Two very small planets orbit a much larger star. Planet A orbits the star with a period TA. Planet B orbits the star at four times the distance of planet A, but planet B is four times as massive as planet A. Assume that the orbits of both planets are approximately circular.

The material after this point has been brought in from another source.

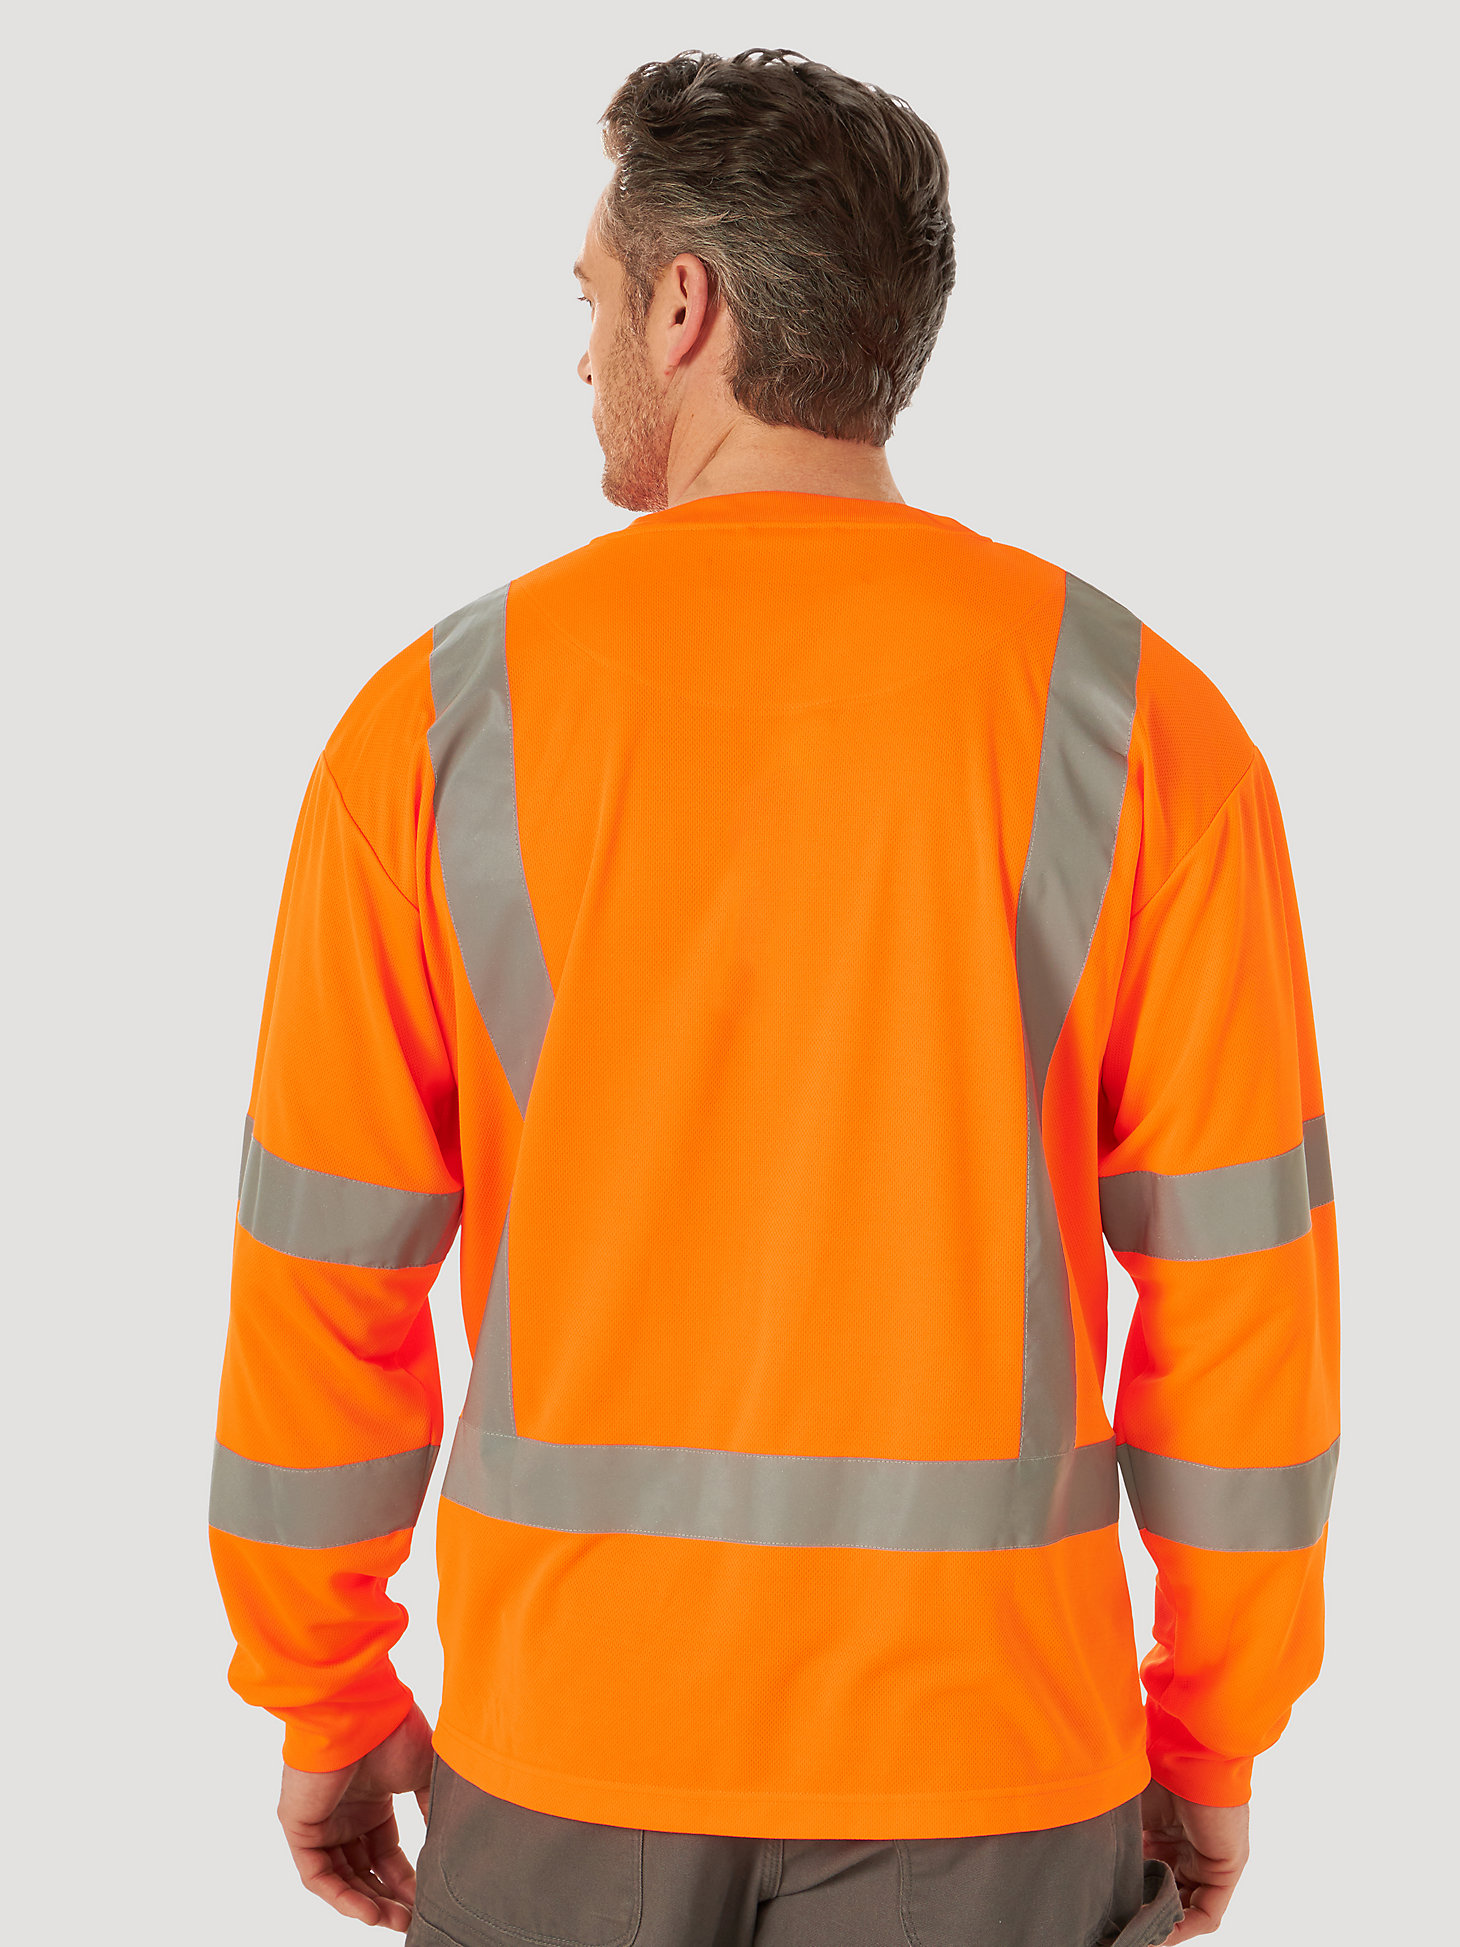 Wrangler® RIGGS Workwear® Long Sleeve High Visibility T-Shirt in Safety Orange alternative view 1
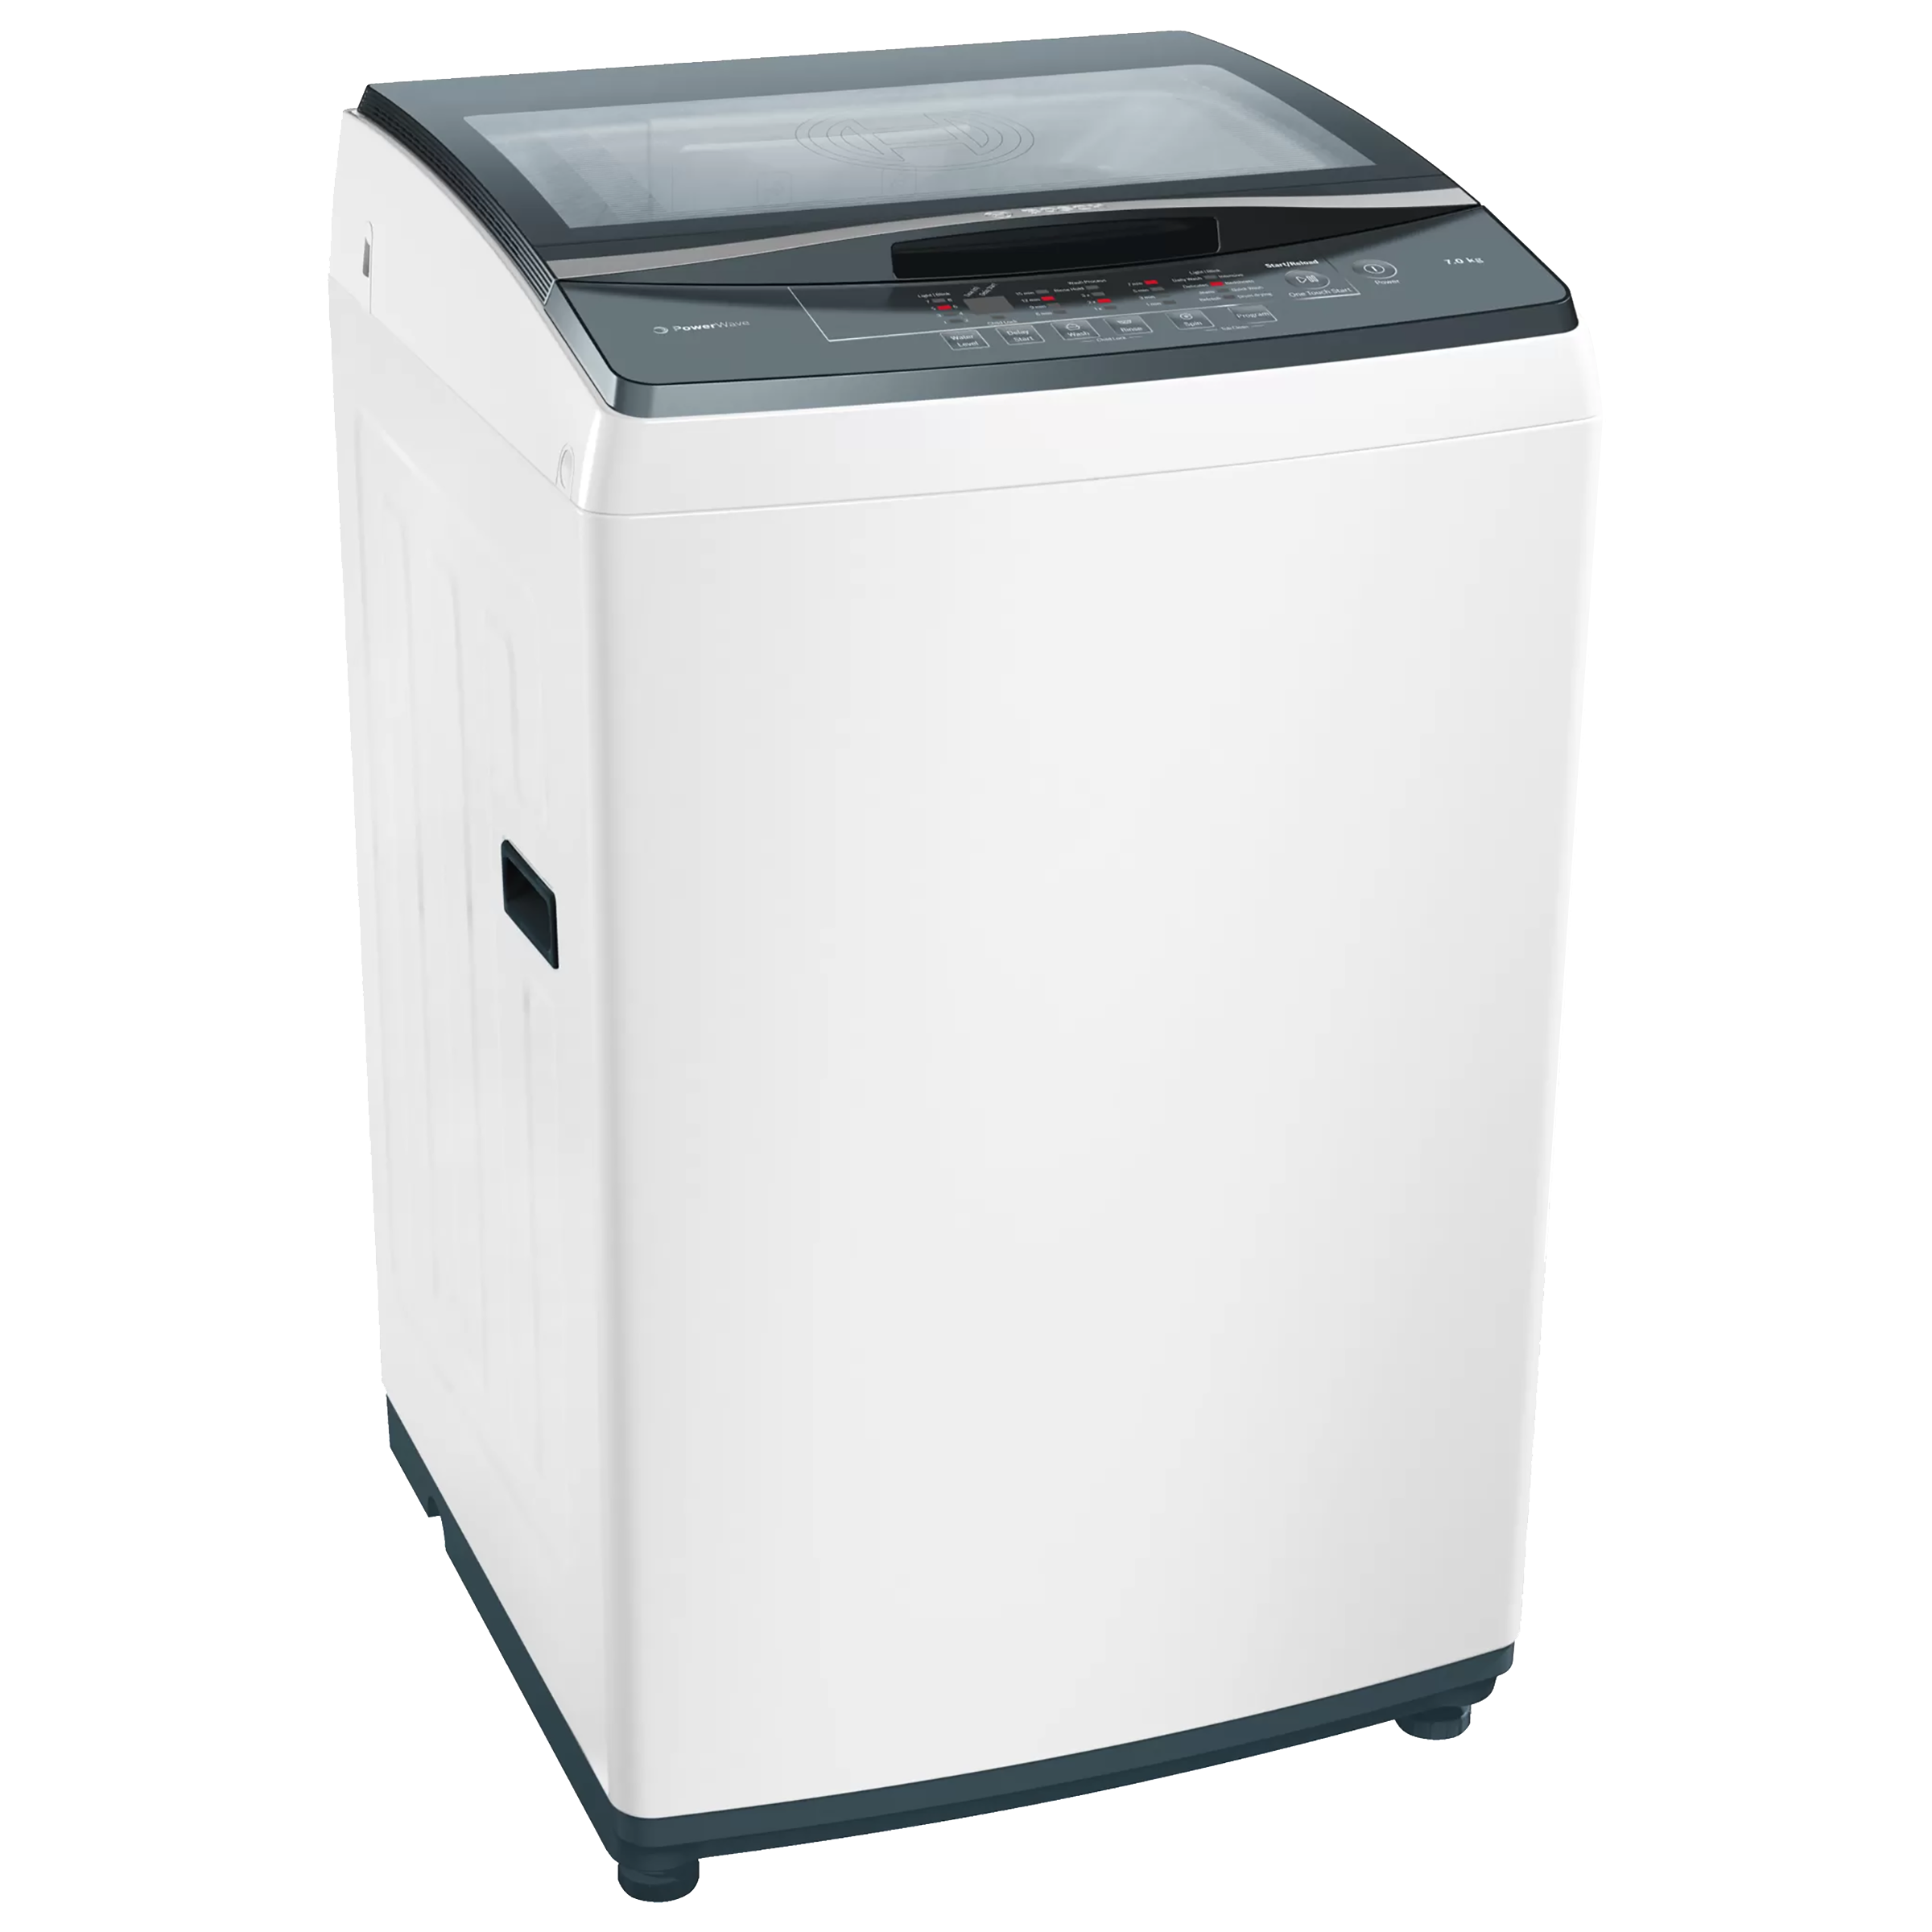 Bosch Serie 4 7 kg 5 Star Fully Automatic Top Load Washing Machine (EcoSilence Drive Friction-Free Motor, WOE704W1IN, White)_1

Planet B orbits the star with a period TB equal to

a. TA/4.

b. 16TA.

c. 8TA.

d. 4TA

d. TA

Given that,

Period of Planet A around the star

Pa = Ta

Let the semi major axis of planet A from the star be

a (a) = x

Given that, the distance of Planet B from the star (i. e. it semi major axis) is 4 time that of Planet A

a (b) = 4 * a (a) = 4 * x

a (b) = 4x

Also planet B is 4 times massive as planet A

Using Kepler's law

P² ∝a³

P²/a³ = k

Where

P is the period

a is the semi major axis

Then,

Pa² / a (a) ³ = Pb² / a (b) ³

Pa denotes Period of Planet A and it is Pa = Ta

a (a) denoted semi major axis of planet A and it is a (a) = x

Pb is period of planet B, which is the required question

a (b) is the semimajor axis of planet B and it is a (b) = 4x

So,

Ta² / x³ = Pb² / (4x) ³

Ta² / x³ = Pb² / 64x³

Cross multiply

Ta² * 64x³ = Pb² * x³

Divide both sides by x³

Ta² * 64 = Pb²

Then, Pb = √ (Ta² * 64)

Pb = 8Ta

Then, the period of Planet B is eight times the period of Planet A.

The correct answer is C